The Master lay on the floor in a rather twisted position. Jo finally brought herself to put the plates on a nearest table and then ran to the Doctor, who knelt beside the Master and put handcuffs round his enemy’s wrists. “Are you alright, Doctor?” she asked, but it should have been the Doctor to ask her so and not the other way round.

“Of course, Jo, why wouldn’t I be?” he looked his companion in the eye. _Don’t ask silly questions,_ he wanted to add, nevertheless didn’t. The Doctor stood up and started rubbing the back of his neck with his hand, wondering what to do with the Master lying on the floor. “The question is: what do we do now? We cannot just leave him here like this.”

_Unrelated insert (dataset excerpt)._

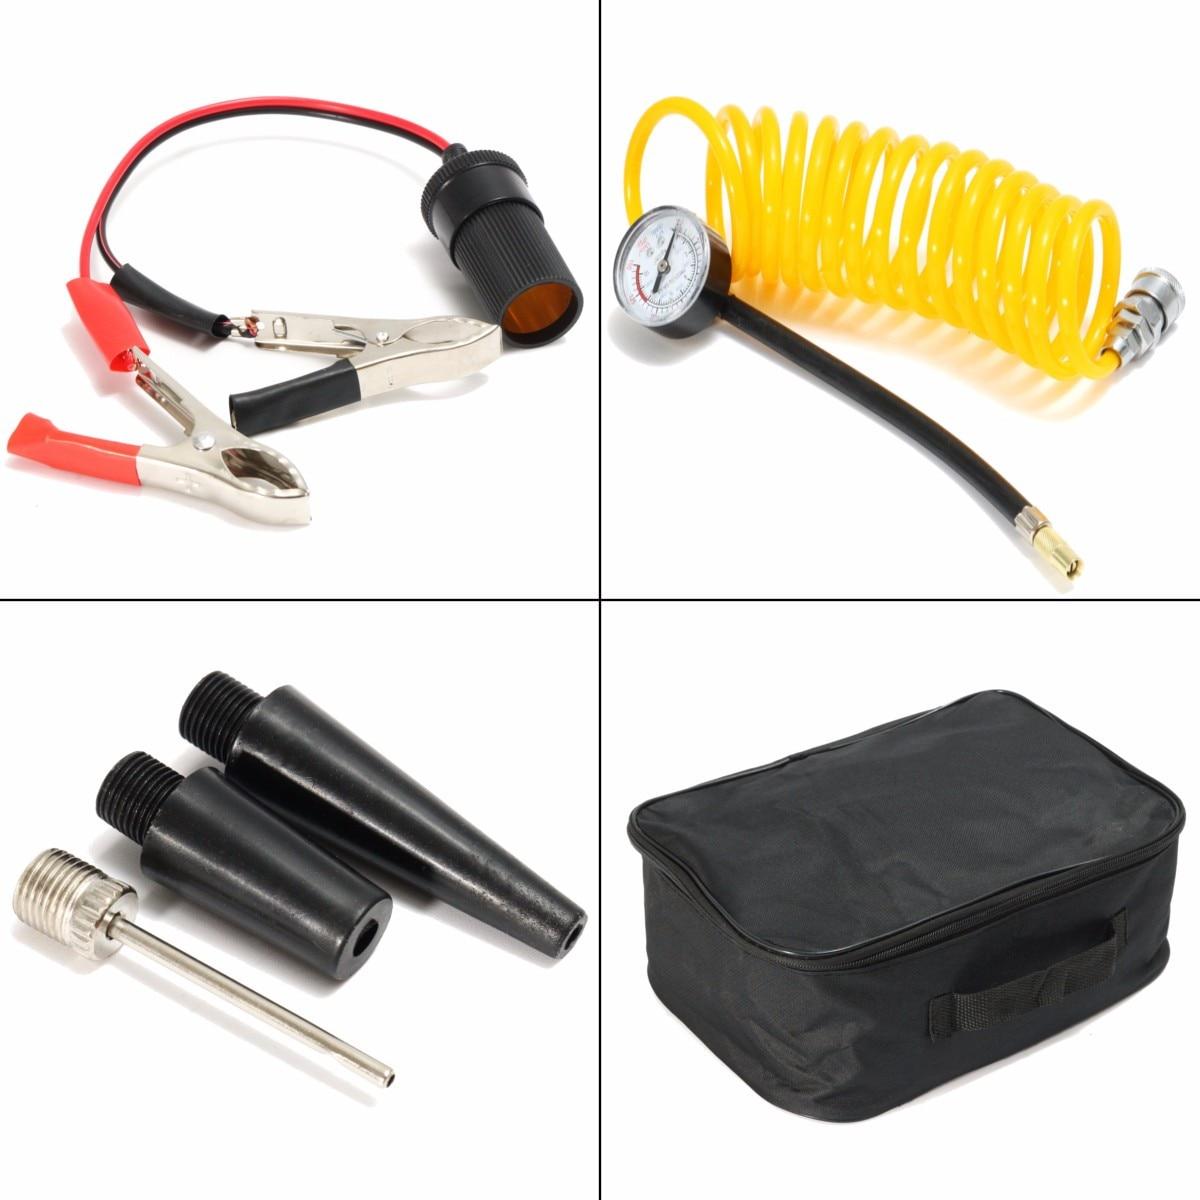 Wunderbar 30 Amp 220 Kabel Ideen - Elektrische Schaltplan-Ideen ...

“Leave who here like this—” Brigadier Lethbridge-Stewart said, questioning the Doctor from somewhere in the hallway. He apparently overheard the Doctor and Jo talking. He came to a halt as he went past the open door to the lab and saw the man in the Nehru suit on the floor, putting one and one together. “Oh. How on earth did he get here?! For as far as can I remember he was locked up in gaol!”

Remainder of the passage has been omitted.